# New Renegade R8/40 bow by OK Archery



## Sagittarius (May 22, 2002)

Here is a new prototype 40" ata bow OK Archery plans to offer around November of this year.
It is called the R8/40.
Since it is a prototype, specs are subject to change.
It is in addition to their current Renegade 8 bow with a 36.4" ata.
I have been shooting the current Renegade 8 for the past few months and it's the best handling, best feeling, and easiest bow to hit a target with of any I have ever shot. :thumbs_up
For those of you who know me, you know, I only shoot the very best available. 
The new prototype is shown with my favorite cam system of all time, the 3 track x-cam. :thumbs_up
There is nothing ever engineered for placing an arrow in the x ring of a target on a consistent basis like an x-cam, imo.
The R8/40 will be fantastic for anyone wanting a superior bow for competition shooting of any type or even hunting for those who want a longer ata bow.
If you're not satisfied with any bow you have shot to date, think outside the box, not a fanboy, and want a bow with fantastic craftsmanship and shootability, you should check out OK Archery's current and future offerings.
Yes, I'm biased in my opinion of OK Archery's bows but they really are that good. :thumbs_up


----------



## Sagittarius (May 22, 2002)

*A few special features of OK Archery bows not found on others !*

OK Archery builds their risers from 7000 series aluminum which is far stronger and more expensive than any built by an American manufacturer.
The riser is strong, dense, hard as nails, and extremely flex resistant making for an incredibly stable platform for shooting.
They use Z bearings for their cams which resist friction and heat others wilt under.
Their axles are the strongest in the industry too.


----------



## Hit-em (Oct 3, 2002)

Sag,
That is one of the cleanest & coolest looking bows I've seen in a long time !!!
Very Nice :thumbs_up
You know how to pick em :wink:


----------



## Sagittarius (May 22, 2002)

Hit-em said:


> Sag,
> That is one of the cleanest & coolest looking bows I've seen in a long time !!!
> Very Nice :thumbs_up
> You know how to pick em :wink:



Thanks, ol' friend. 
You know how to pick them too !


----------



## Sagittarius (May 22, 2002)

ttt


----------



## Sagittarius (May 22, 2002)

Once again for the best bows nobody knows !


----------



## One_Eyed_Fly (May 24, 2009)

Sag,

Are you getting a new R8/40 ?
It looks like another great bow.


----------



## Sagittarius (May 22, 2002)

One_Eyed_Fly said:


> Sag,
> 
> Are you getting a new R8/40 ?
> It looks like another great bow.


Hope to, fly man.


----------



## northshorewolf (Mar 16, 2009)

Hello guys.

Her are the first pics of the new R8/40. It is not the Double-Cable-System, sorry. That's the bow of a friend, he prefers finger-shooting. The R8/40 goes 283 fps with a 375 grain arrow and a draw length of 31 inches in our test. With release and a 320 grain arrow the R8/40 will surely be faster. Btw. red is not the standard-color, that's black.
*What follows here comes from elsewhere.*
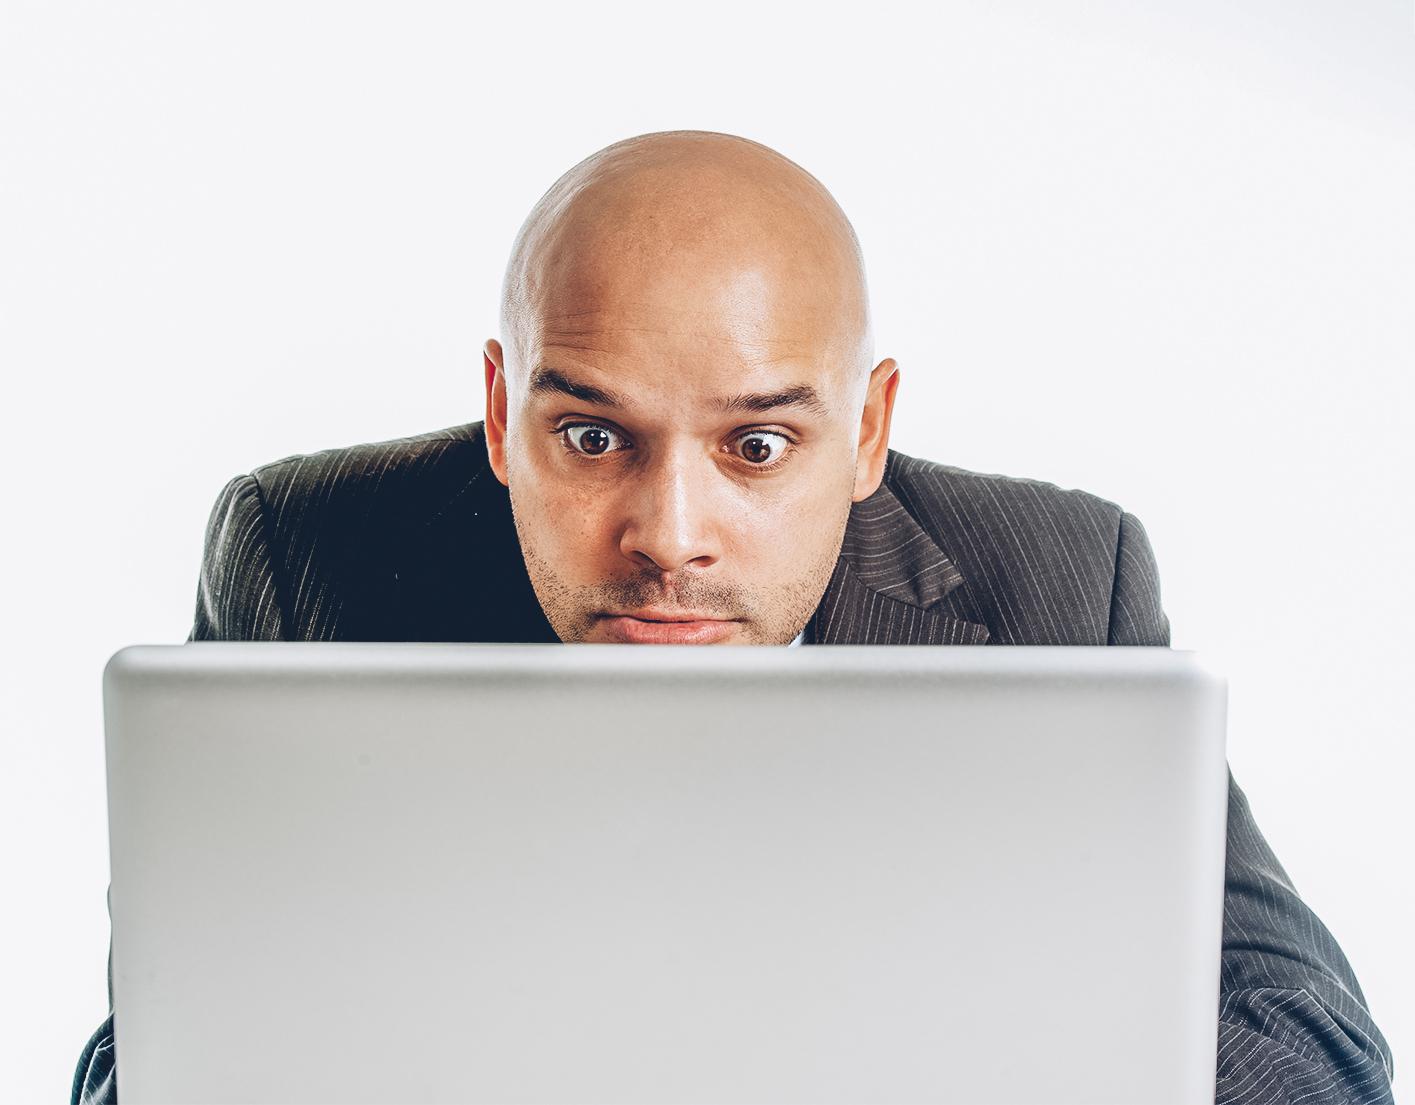 ¿El despido de un trabajador que mira porno más de la mitad de la jornada es improcedente?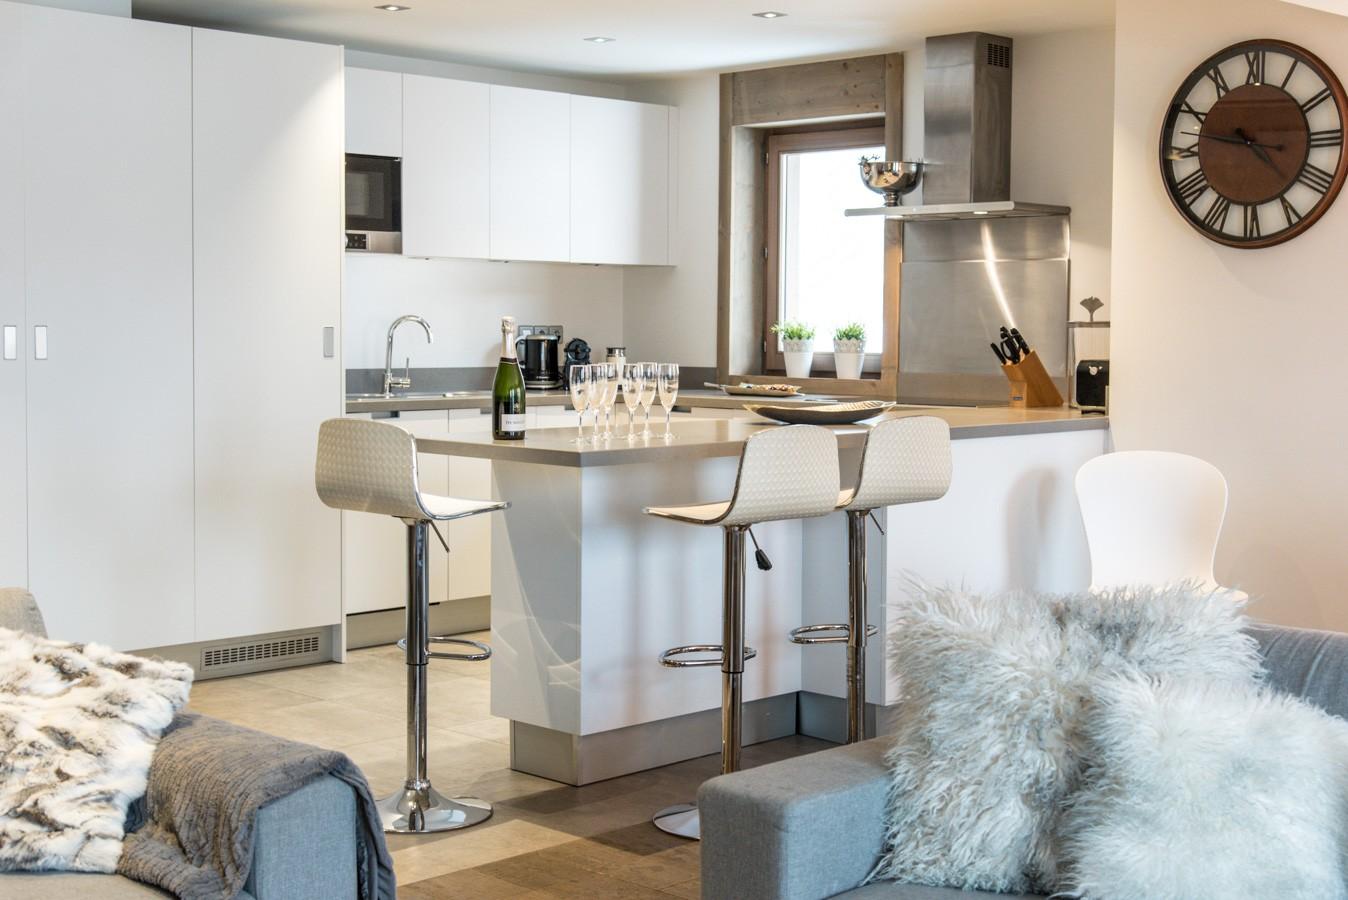 Courchevel 1650 Location Appartement Luxe Aluminite Cuisine

More details and pics at the weekend on the website of OK-Archery.


















Enjoy, northshorewolf


----------



## animal killer (Sep 16, 2009)

Bow looks sweet.


----------



## ike_osu (Jul 1, 2008)

That is one sweet looking bow. Are they available in the US?


----------



## northshorewolf (Mar 16, 2009)

ike_osu said:


> That is one sweet looking bow. Are they available in the US?


OK-Archery has no distributor or direct-dealer in the US, but you can order directly. Contact OK-Archery over ok-archery.de.


----------



## zestycj7 (Sep 24, 2010)

What is the price going to be on this bow?
Don.


----------



## northshorewolf (Mar 16, 2009)

The price in Germany is 1180,00 Euro for the standard-system and 1280,00 Euro for the shoot through system. Please ask OK-Archery for shipping cost and taxes. They have shipped one to the US last week.


----------



## zestycj7 (Sep 24, 2010)

WOW!!! Thats $1552.29 US.



northshorewolf said:


> The price in Germany is 1180,00 Euro for the standard-system and 1280,00 Euro for the shoot through system. Please ask OK-Archery for shipping cost and taxes. They have shipped one to the US last week.


----------



## Hit-em (Oct 3, 2002)

I would love to get my hands on one of their shoot through systems but the price is just way to steep along with the long lead time.
If they want to get any kind of presence here in the states they need to seriously look at their pricing along with their lead time.
The American market has so many good bows at competitive prices $1500 is not going to make it here on a no name bow .. no matter how well it's made.


----------



## Sagittarius (May 22, 2002)

Great looking bow; thanks for the pics, NSW.


----------



## northshorewolf (Mar 16, 2009)

Sagittarius said:


> Great looking bow; thanks for the pics, NSW.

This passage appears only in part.